**Raw data:**
+ + + + +
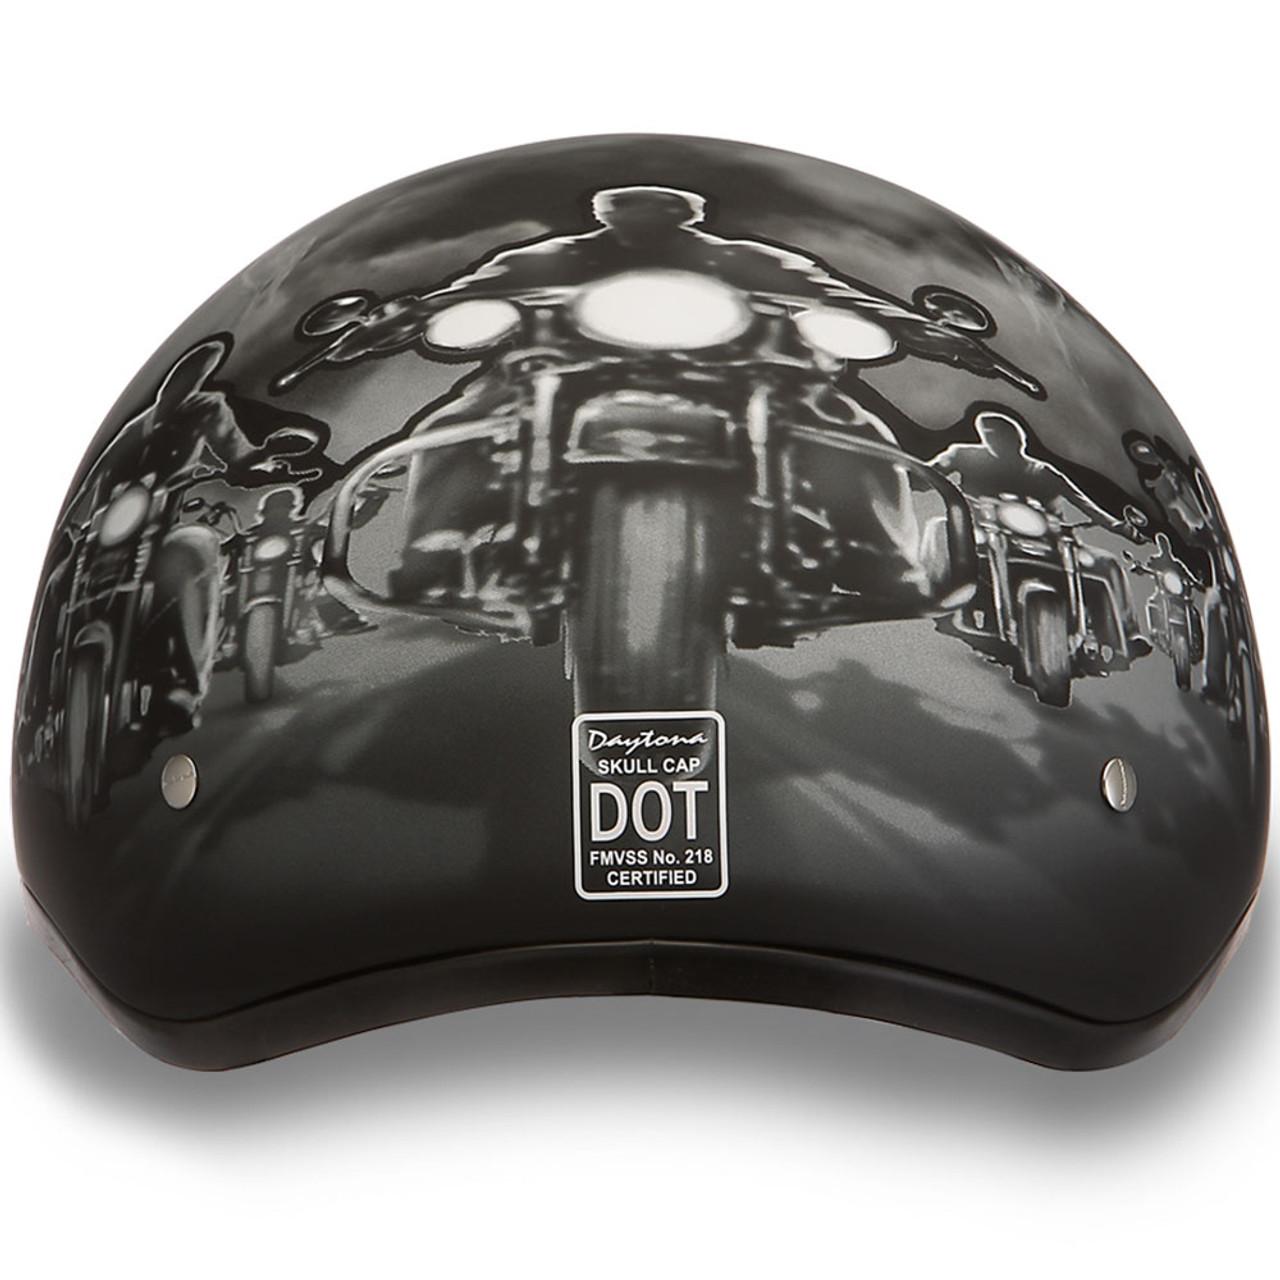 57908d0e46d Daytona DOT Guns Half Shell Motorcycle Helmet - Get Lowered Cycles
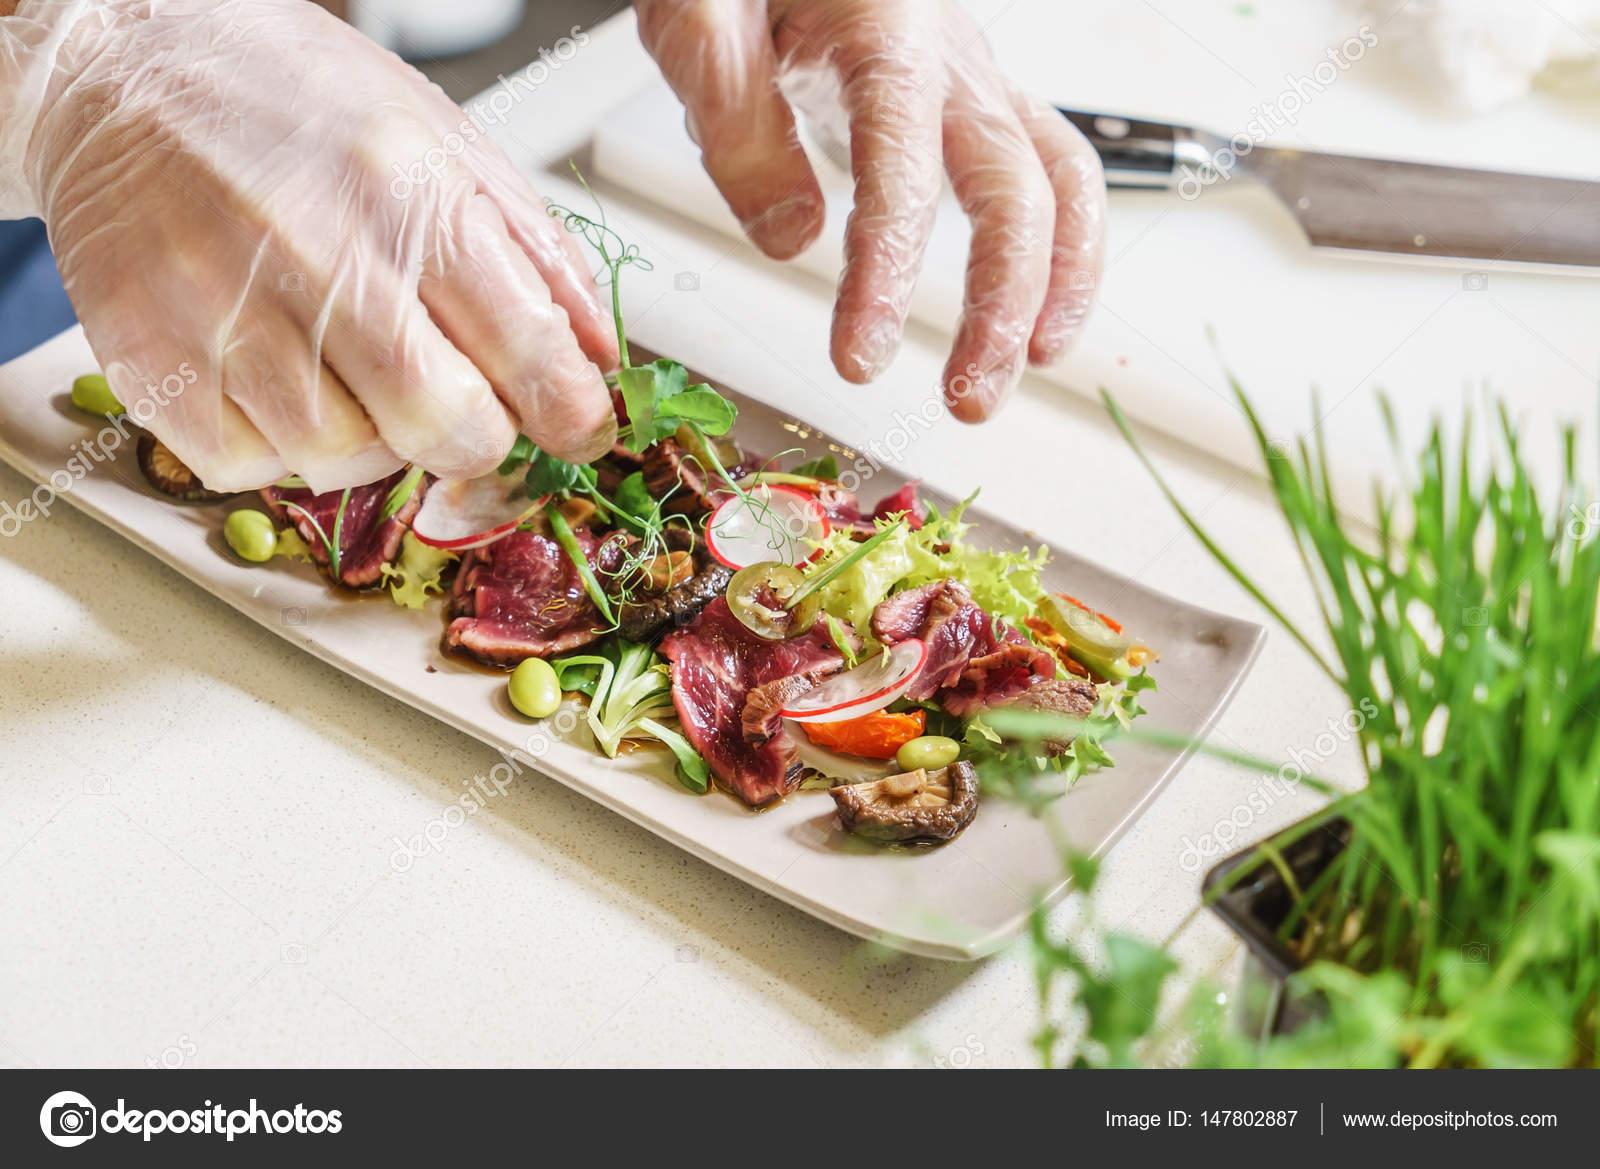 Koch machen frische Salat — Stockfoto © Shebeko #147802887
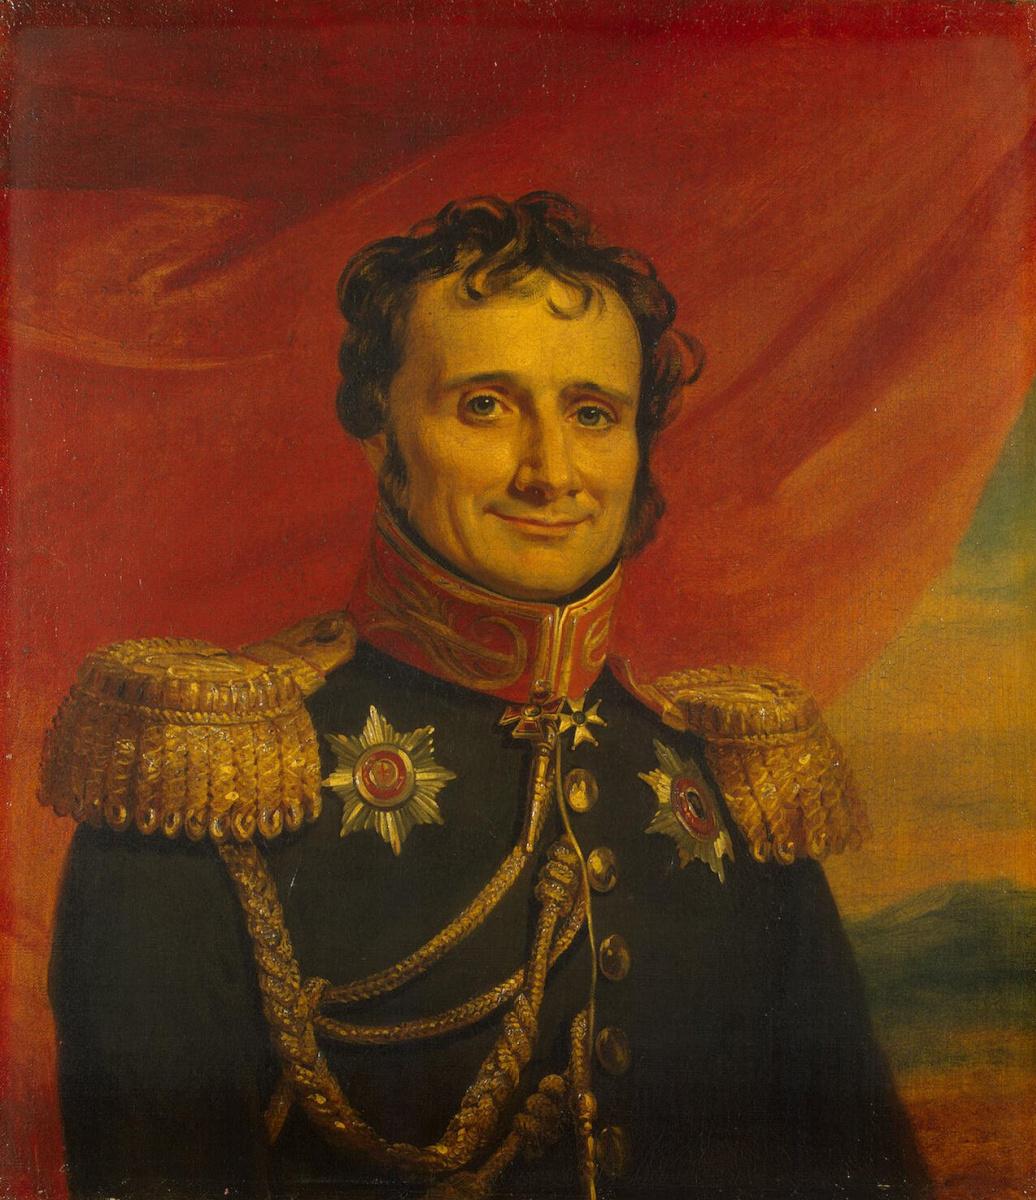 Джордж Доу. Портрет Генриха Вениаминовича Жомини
+ + + + +
**Try it:**
A verbatim transcript of the material above, with images dropped, is the expected output.

**Written response:**
 57908d0e46d Daytona DOT Guns Half Shell Motorcycle Helmet - Get Lowered Cycles
 Koch machen frische Salat — Stockfoto © Shebeko #147802887
 Джордж Доу. Портрет Генриха Вениаминовича Жомини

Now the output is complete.